In this guide writer and teacher Susan M. Tiberghien provides advice and writing exercises that help beginning writers develop their voice and enrich their craft.
Author of the classic Writing Down the Bones, Natalie Goldberg offers another writing guide based on her forty years of teaching small, intensive workshops at a remote center in the rural Southwest. In chapters with titles such as "Why Silence?," "Meditation (Sitting)," "Seven Attitudes of Mindfulness," and "Six-Word Memoir," Goldberg shares her insights about finding truth and clarity on the way to establishing a literary life.
Written by poet and critic James Logenbach, this collection of twelve essays explores various ways that poetry at its most successful delivers meaning. Longenbach uses as examples poems by Shakespeare, Donne, Blake, Keats, Dickinson, Yeats, Pound, Bishop, and Ashbery, among other greats.
An anthology of essays by poets such as Kazim Ali, Elizabeth Bishop, Naomi Shihab Nye, Nick Flynn, Yusef Komunyakaa, Claudia Rankine, and Alissa Valles whose travels have informed their writing.
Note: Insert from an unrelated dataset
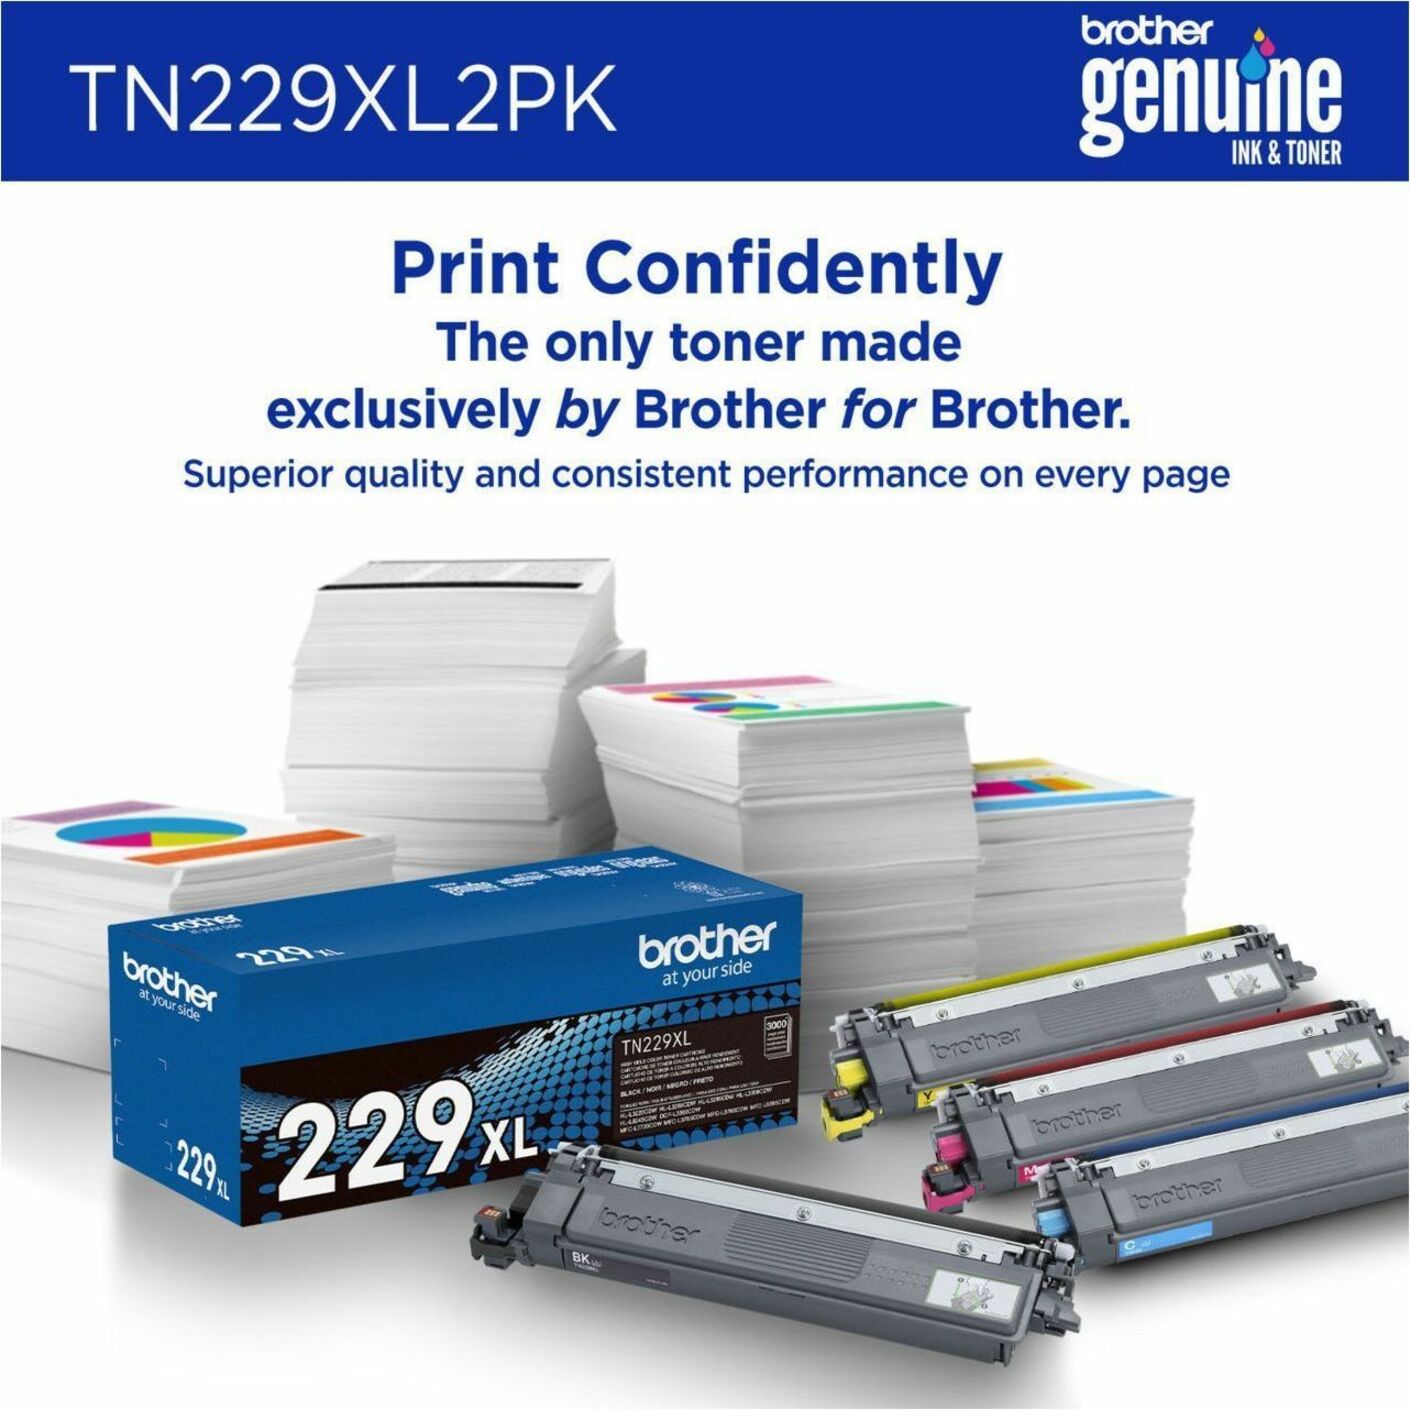 Brother TN229XL2PK High-yield Black Toner Cartridge Twin-Pack, for Brother Printers

The book also includes practical resources for finding work abroad, applying for fellowships and residencies, funding a trip, obtaining proper travel documents, and attending to other cultural considerations.
In Vivid and Continuousseasoned fiction writer and teacher John McNally, who is also the author of The Creative Writer’s Survival Guide, offers solutions to the problems beginning fiction writers face. Each of the fifteen chapters includes writing exercises meant to reinforce McNally’s guidance.